Review: LG G Watch

Remember when cellphones used to be big, giant bricks tethered to a suitcase? That’s where we are with smartwatches. They’re big giant bricks strapped to your wrist…and tethered to your smartphone over Bluetooth LE. And like those early cellphones, today’s smartwatches are also very limited in terms of functionality.

Google’s Android Wear platform is poised to change the latter, while hardware manufacturers like LG aim to improve on the former. The company’s new G Watch is the first of three Android Wear smartwatches—the other two being the Motorola Moto 360 and Samsung Gear Live. It comes with an always-on, 1.65-inch LCD display and a 1.2 GHz Snapdragon processor with 4 GB of memory. It’s kind of like a tiny little smartphone strapped to your wrist. Kind of.

In reality, the G Watch feels like the worst parts of your smartphone strapped to your wrist, plus Google Now and some third-party app integration.

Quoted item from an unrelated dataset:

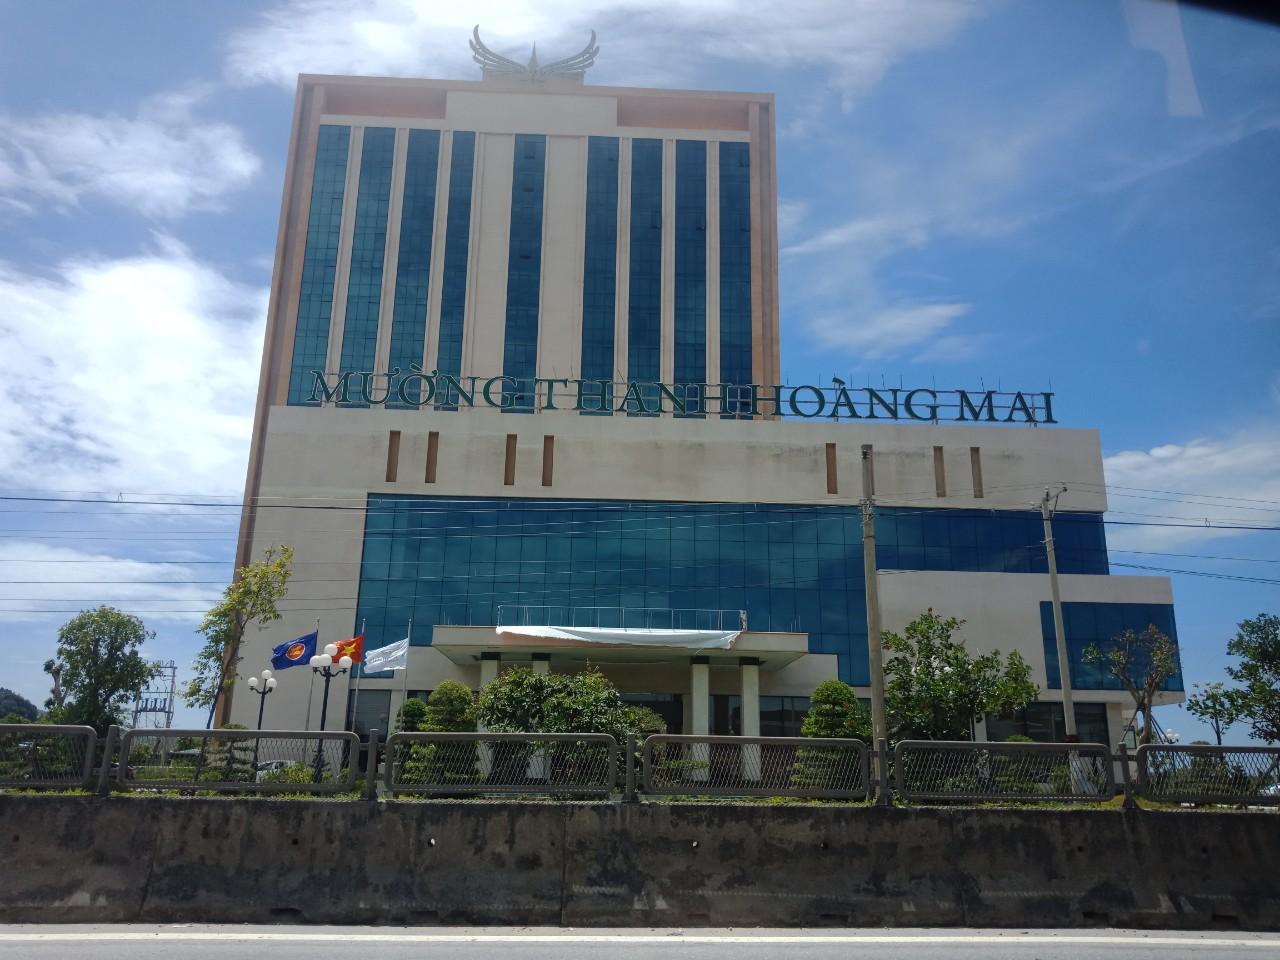 Khách sạn Mường Thanh Hoàng Mai

On the hardware side, the G Watch comes with a 280 x 280 pixel resolution LCD display that’s bright and clear, although it’s basically unreadable in bright sunlight. A replaceable 22mm synthetic band straps that LCD watch face to your wrist. The band, inlaid with shallow diamond-shaped indentations on the inside, feels very thick. It never just blends seamlessly into your daily experience—you’re well aware there’s a watch there. The hefty watch face doesn’t help matters either. Its rectangular face measures approximately 38mm x 47mm x 10mm, and the bottom is completely flat, save for slightly rounded edges.

One thing LG’s G Watch does do well is voice control. You don’t even have to hold the watch up to your face, a simple utterance of “OK Google” instantly brings up the voice command interface, letting you record a note, set an alarm, make a simple query, search directions on Google Maps, and more. When you get a text or Hangout, you can dictate and send a reply straight from the watch. It does a stellar job of interpreting what you say so long as you’re in a reasonably quiet location. In a noisy bar though, it took multiple tries to get “OK Google” to register.

The G Watch, like all Android Wear watches, is water and sweat resistant. But unlike a dedicated fitness wearable, it isn’t truly waterproof. It charges in a small cradle that the watch face magnetically snaps into. You can easily use 80 to 100 percent of its battery in a day, so you’ll want to keep this charging cradle at your office desk or by your bedside.

The goal of wearables, smartwatches in particular, is to free you from your smartphone dependence. “Look, now you don’t need to pull your phone out of your pocket to check what that notification was. A discreet glance at your wrist will let you know if it’s important or not!” False. When your wrist is vibrating constantly it’s both irritating and distracting for you and everyone else around you. And unlike a smartphone tucked away in a bag or pocket, you can’t ignore it.